Je nach Anbieter sind die Möglichkeiten aber ggf. etwas eingeschränkt. Angenommen, du willst eine Telefon-Flat beim einen und eine Internet-Flat beim anderen Anbieter nutzen. Dann musst du ebenfalls entsprechend zwischen den Profilen wechseln. Zudem gestattet nicht jeder Anbieter, dass du weitere Profile auf deine eSIM lädst. Am besten informierst du dich also gründlich im Vorfeld.

Unterschiedlicher Support-Stand

Derzeit gibt es in puncto eSIM bei deutschen Mobilfunk-Anbietern noch große Unterschiede: Während einige Anbieter die eSIM-Unterstützung im Rahmen ihrer Mobilfunktarife bereits ermöglichen und somit zunehmend das Plastik für herkömmliche SIM-Karten einsparen, setzen andere Anbieter Ende 2019 noch gar nicht auf eSIM und verschieben den Einstieg.

So mancher Provider stellt aber auch bereits seine gesamte Tarifpalette für Neukunden auf eSIM um. Ein Mittelweg: Einige Anbieter führen die embedded SIM zunächst in Form einer Zweitkarte ein, damit Kunden bei Bedarf beides nutzen können. Die meisten aktuellen Geräte besitzen nämlich parallel noch den guten alten SIM-Card-Slot.

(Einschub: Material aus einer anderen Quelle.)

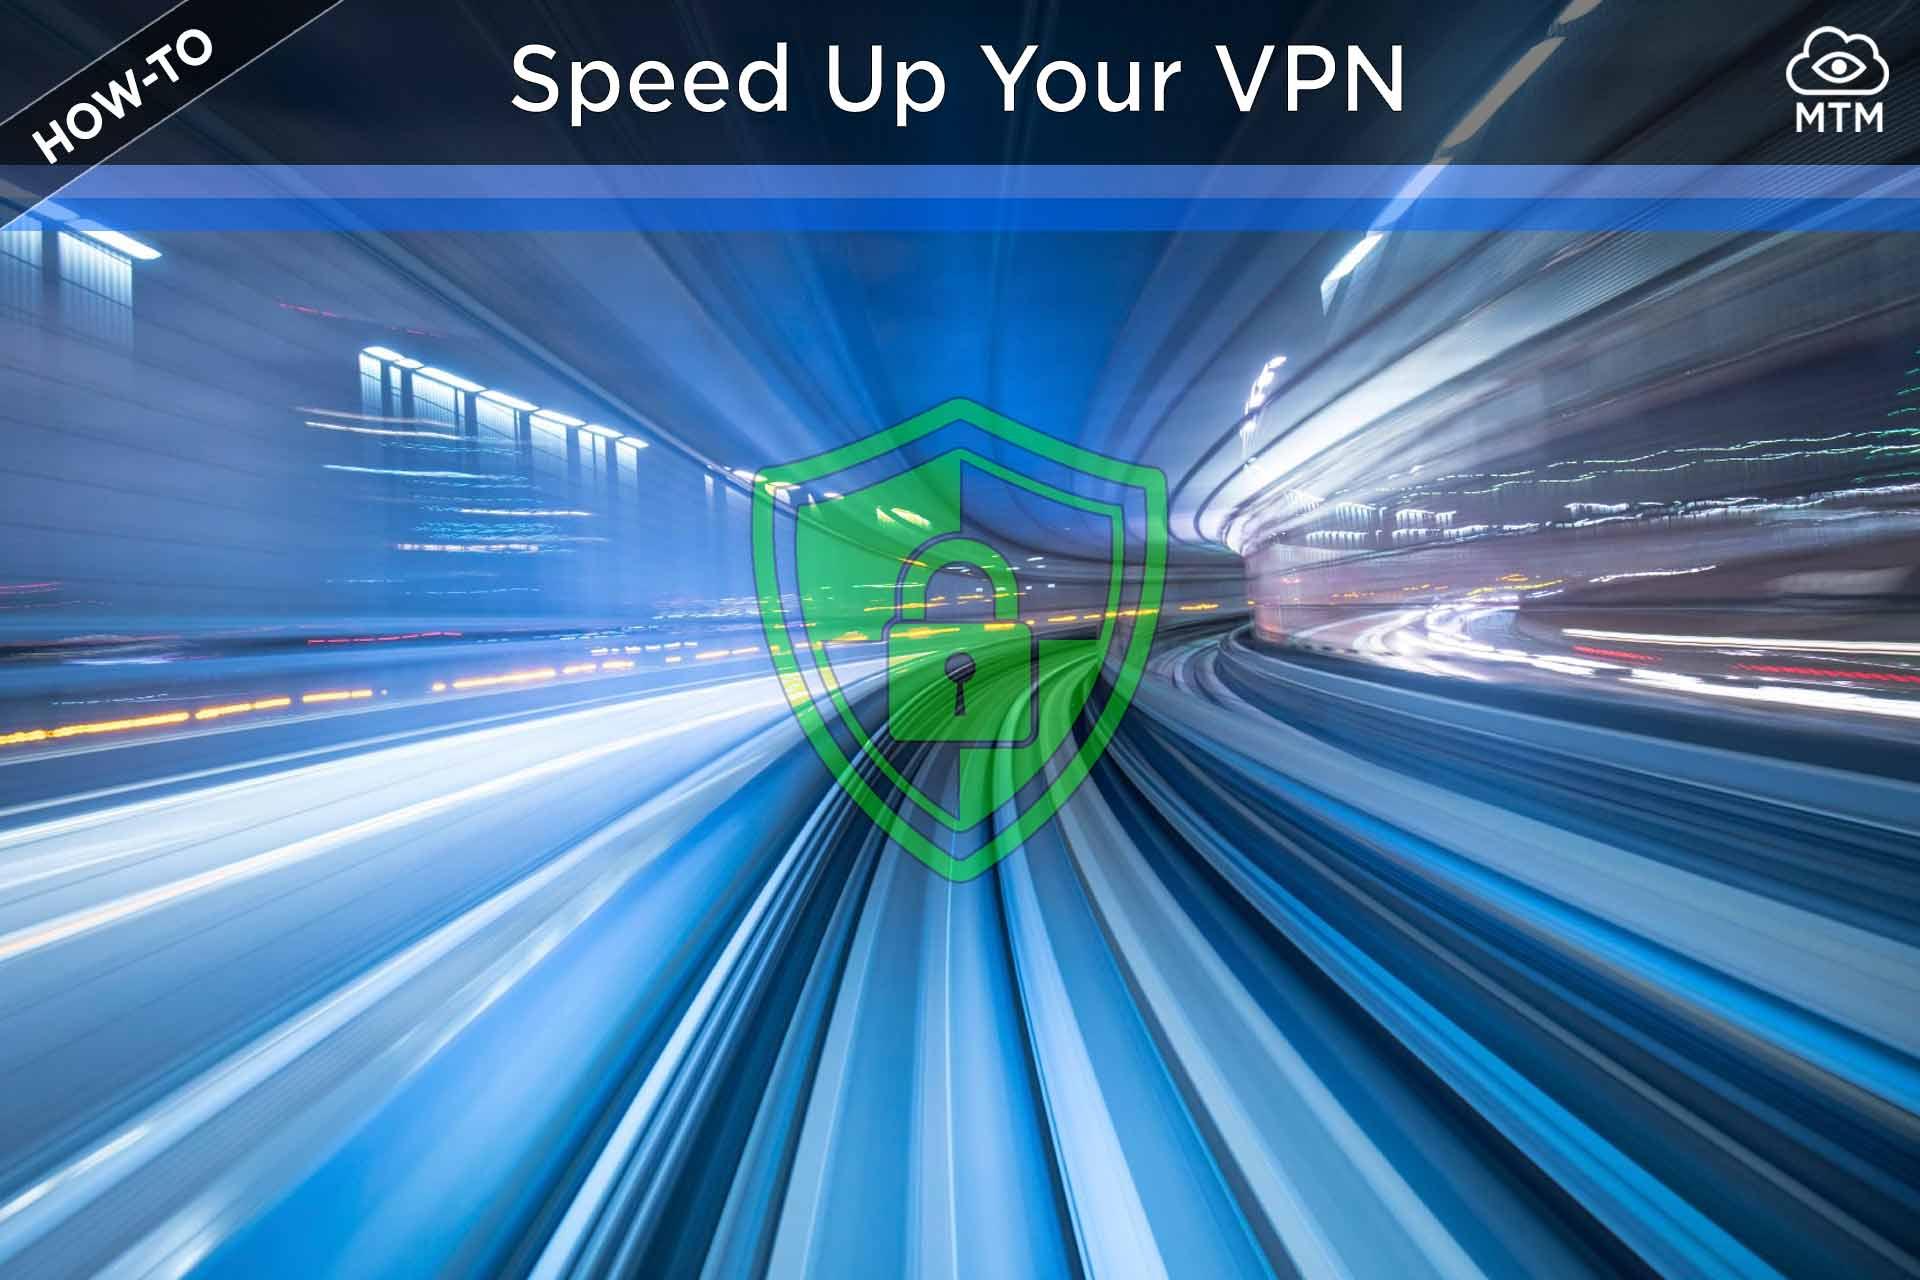 Nola bizkortu bideo bidezko streaming bidezko enkriptatutako VPN konexio motela

Wenn du ein Smartphone mit eSIM-Unterstützung testen möchtest, solltest du dich für ein Google-Pixel-Phone entscheiden. Als Apple-Fan bist du beim iPhone 11 Pro (Max), 11, XS (Max) und XR an der richtigen Adresse. Diese findest du auch bei uns im Shop.

Augen auf beim Handy-Kauf

Wenn du ein Handy kaufst und dich erst danach für einen Provider entscheidest, solltest du darauf achten, dass dein Provider abdeckt, was dein Smartphone braucht. Wenn du nicht gerade das neue Motorola RAZR hast, das ausschließlich mit einer eSIM-Card läuft, bist du in puncto Flexibilität wahrscheinlich auf der sicheren Seite.

Zudem bietet noch nicht jeder Provider die Umstellung auf eSIM sofort online an. Womöglich musst du dazu also bei einem stationären Händler bzw. Service Point in deiner Nähe vorbeischauen.

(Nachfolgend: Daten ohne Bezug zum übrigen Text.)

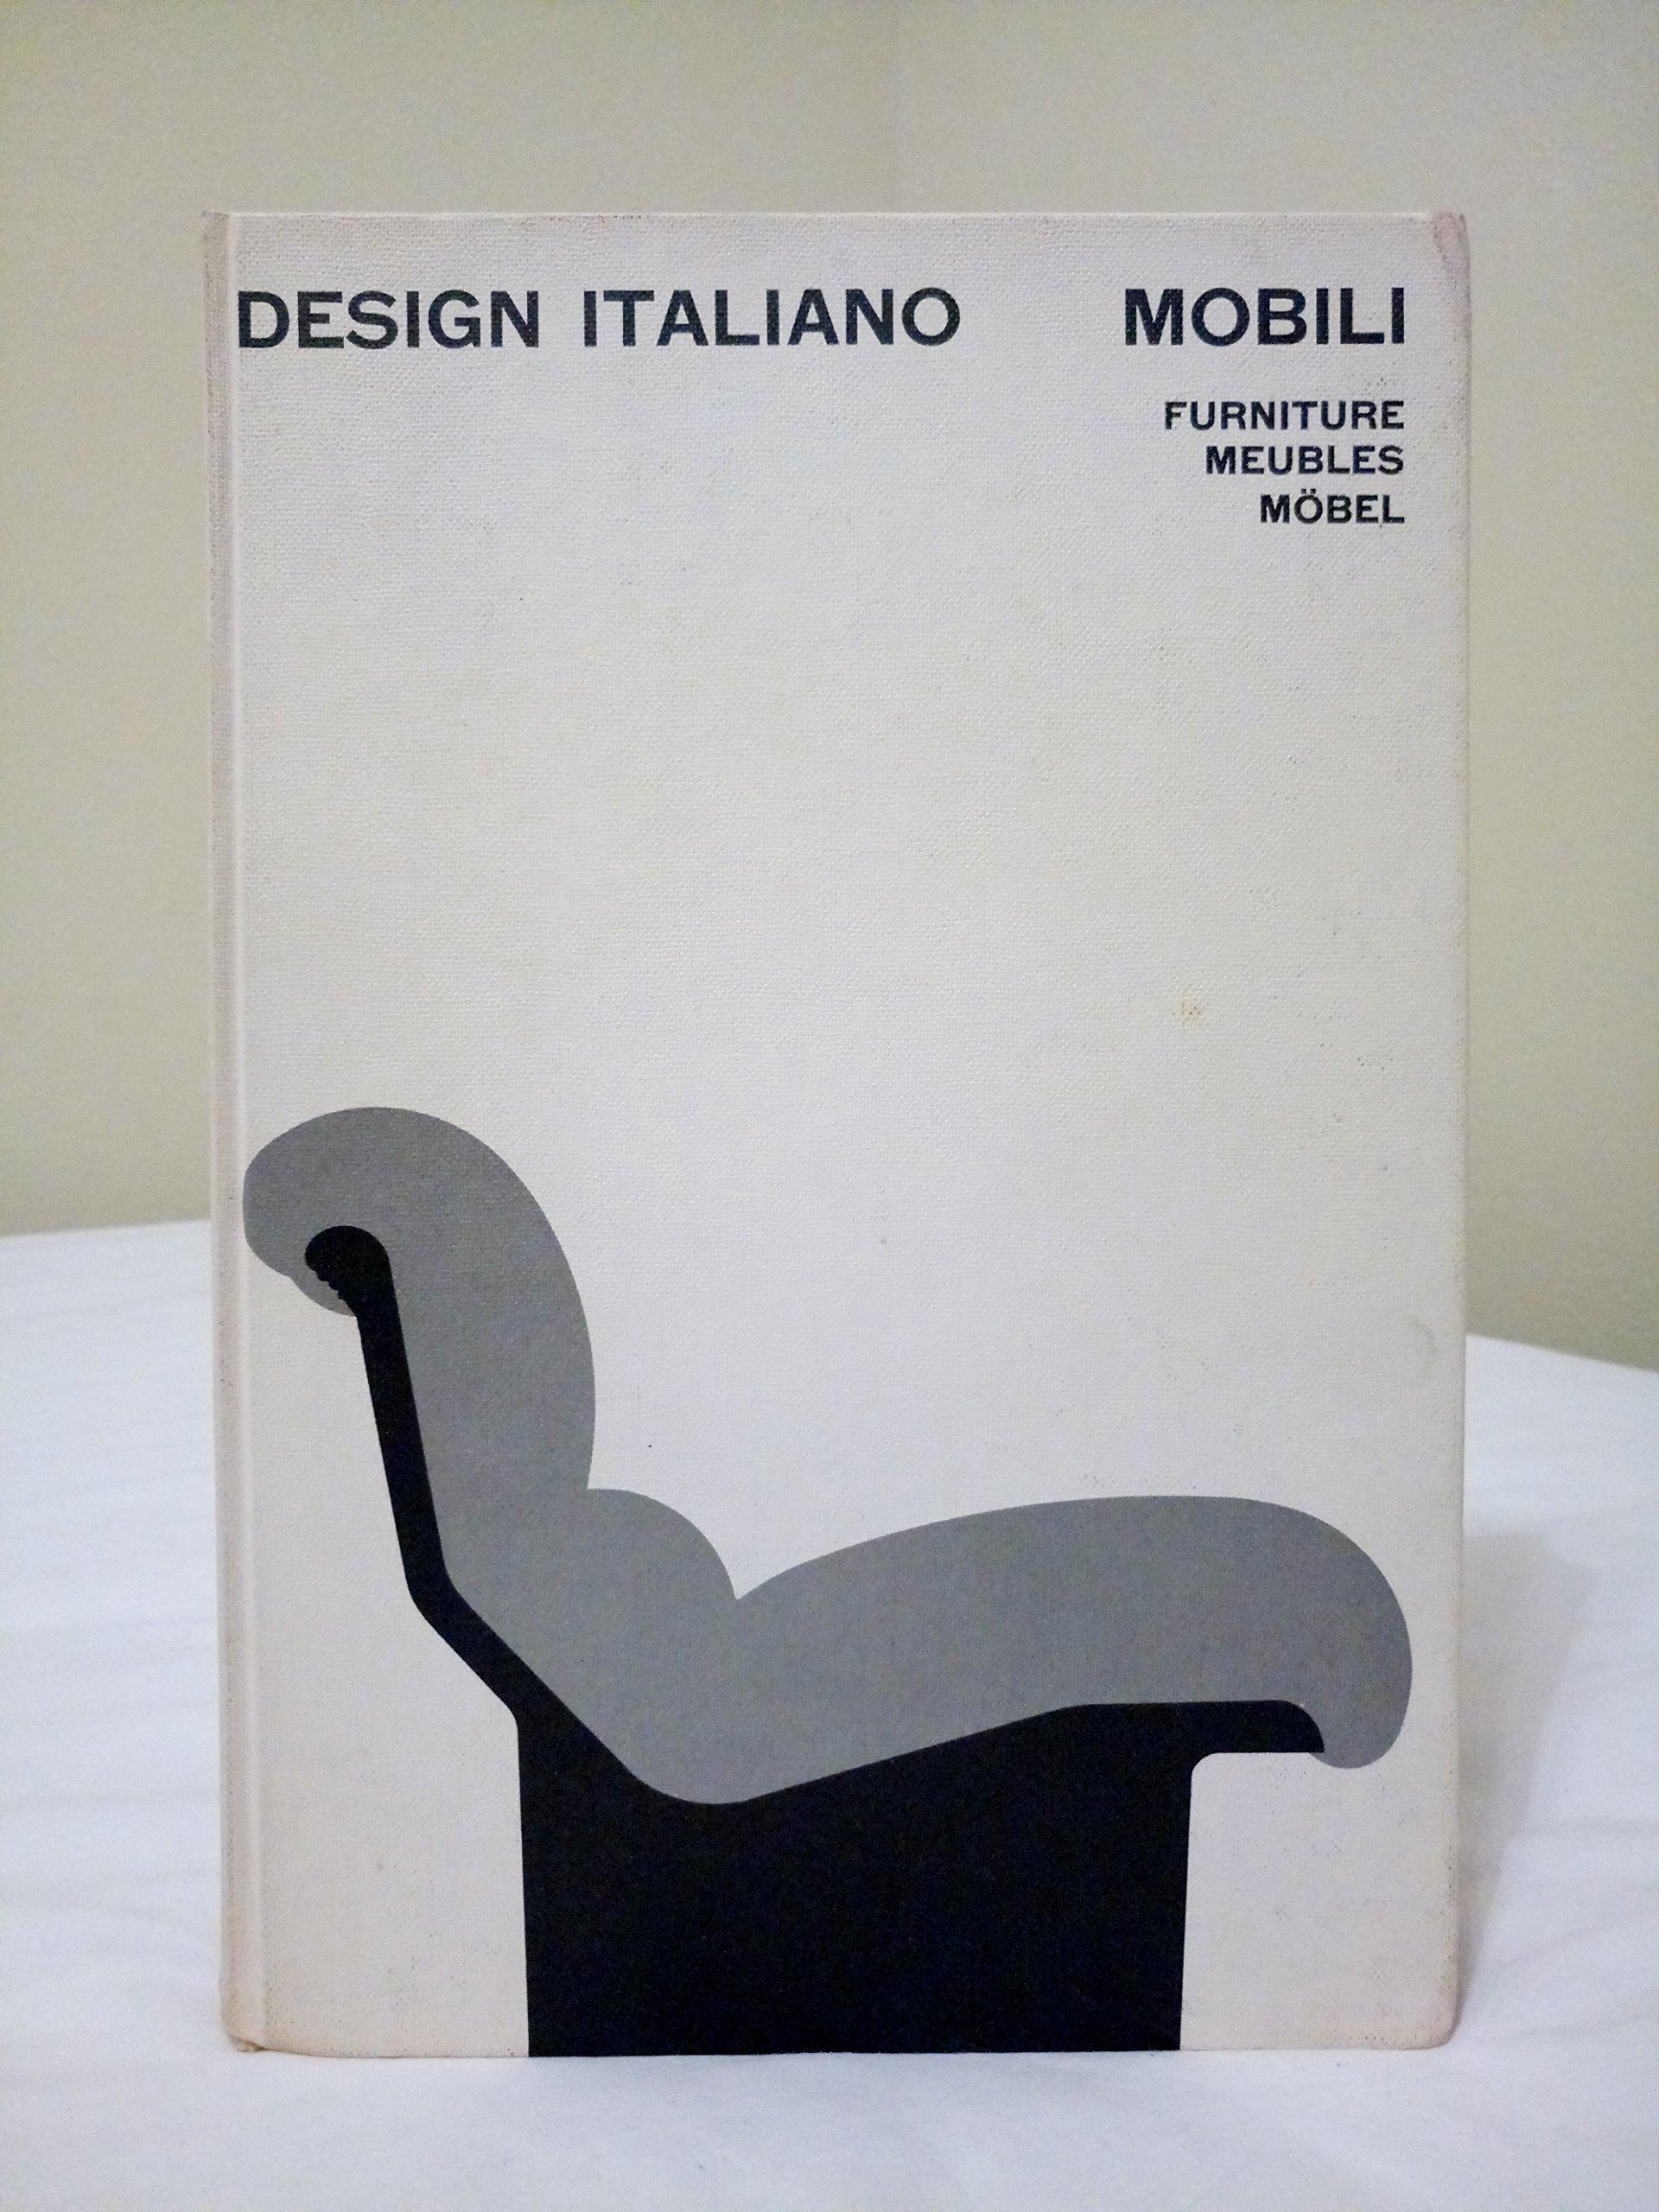 Mobili Design Italiano.Design Italiano Mobili Furniture Enrichetta Ritter Amazon

Prepaid bleibt bislang außen vor

Die oft gestellte Frage, wann ein umfassender eSim-Support auch für Prepaid-Tarife folgt, bleibt bislang von Provider-Seite noch weitgehend unbeantwortet. Viele Mobilfunk-Anbieter betrachten eSIM derzeit eher als Premium Feature und somit auch als Option höherpreisiger Postpaid-Tarife. Es kann also noch etwas dauern, bis sich eSIM-Tarife auch im Prepaid-Bereich durchsetzen.

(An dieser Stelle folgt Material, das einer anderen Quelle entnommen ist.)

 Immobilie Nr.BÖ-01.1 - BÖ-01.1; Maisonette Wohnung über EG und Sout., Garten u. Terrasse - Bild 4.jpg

Das Wichtigste im Überblick

  • eSIM ist der Nachfolger der Plastik-SIM-Card. Auf dem im Gerät verbauten Chip kannst du mehrere Profile speichern.
  • Die moderne Variante der SIM-Card spart Platz im Smartphone, erspart dir den fummeligen Einbau und verringert Plastikmüll.
  • Derzeit findest du häufig noch Geräte, die beides an Bord haben: embedded SIM und den guten alten SIM-Slot für die Plastik-Karte.
  • Nicht jeder Anbieter hat bereits auf eSIM umgestellt. Vor allem im Prepaid-Bereich gibt es noch Defizite.
  • Wenn du ein neues Smartphone oder Tablet kaufst, achtest du am besten darauf, ob das betreffende Gerät ausschließlich eSIM unterstützt – und ob dein Wunsch-Provider bereits entsprechende Tarife anbietet.